====== Collected material ======

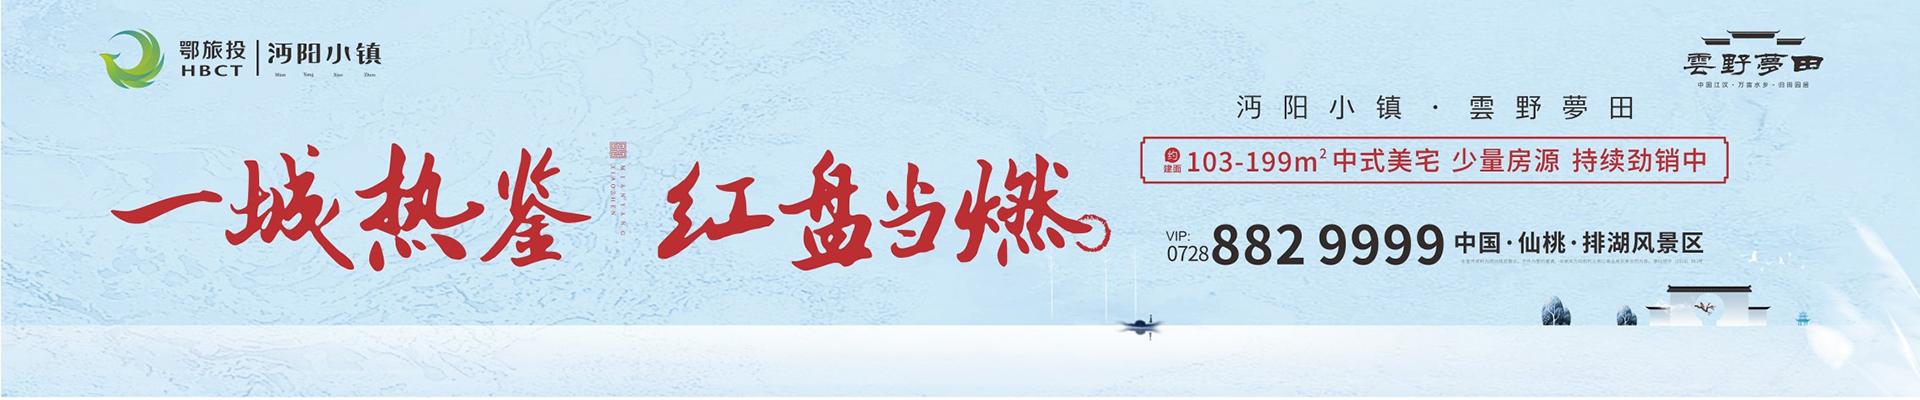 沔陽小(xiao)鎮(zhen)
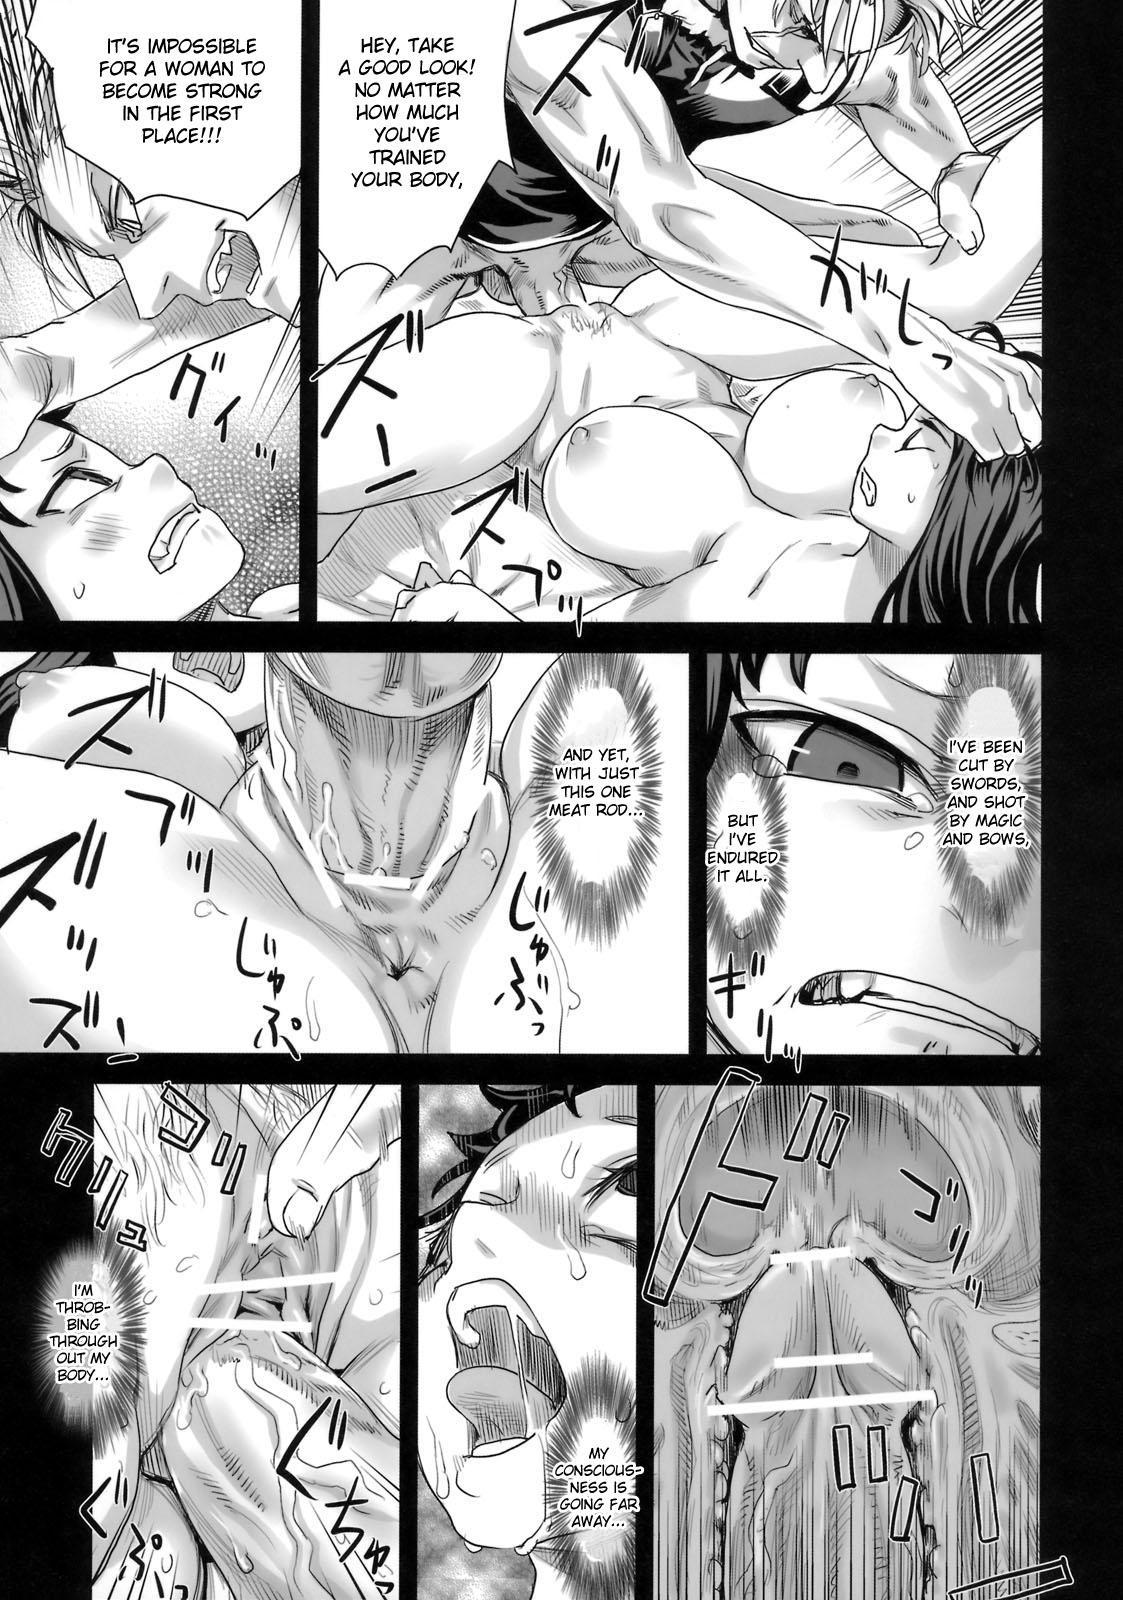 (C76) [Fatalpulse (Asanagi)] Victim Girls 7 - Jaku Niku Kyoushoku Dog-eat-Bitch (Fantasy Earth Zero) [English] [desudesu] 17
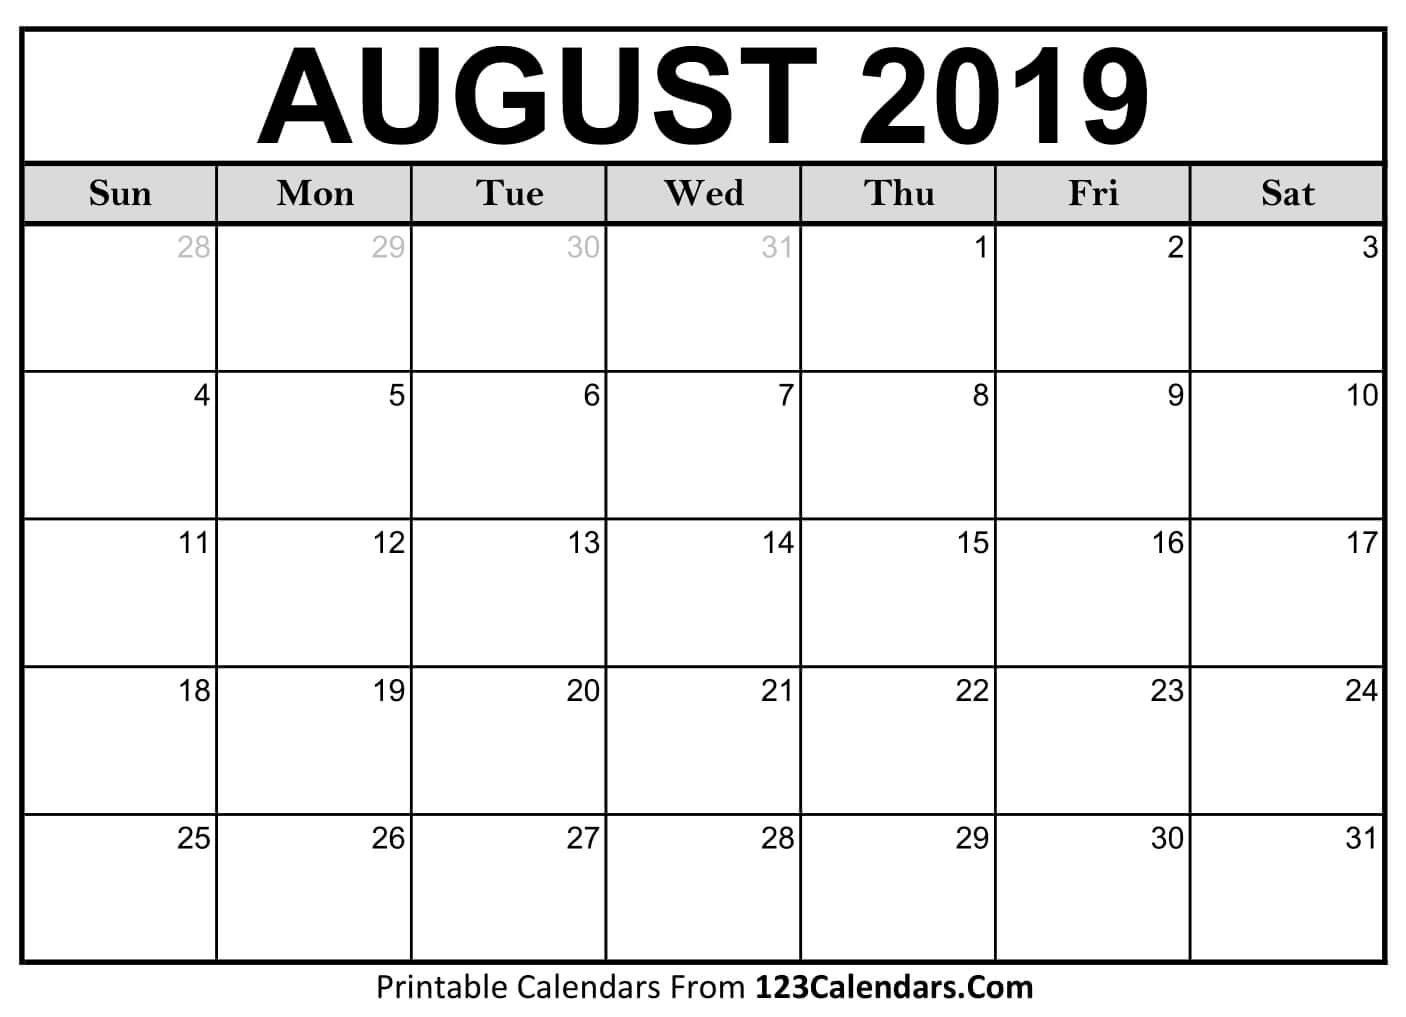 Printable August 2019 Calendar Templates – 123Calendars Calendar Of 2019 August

======

[Task to carry out] Working from the material above, transcribe it exactly while omitting pictures.

[Result of the task]
 沔陽小(xiao)鎮(zhen)
 (C76) [Fatalpulse (Asanagi)] Victim Girls 7 - Jaku Niku Kyoushoku Dog-eat-Bitch (Fantasy Earth Zero) [English] [desudesu] 17
 Printable August 2019 Calendar Templates – 123Calendars Calendar Of 2019 August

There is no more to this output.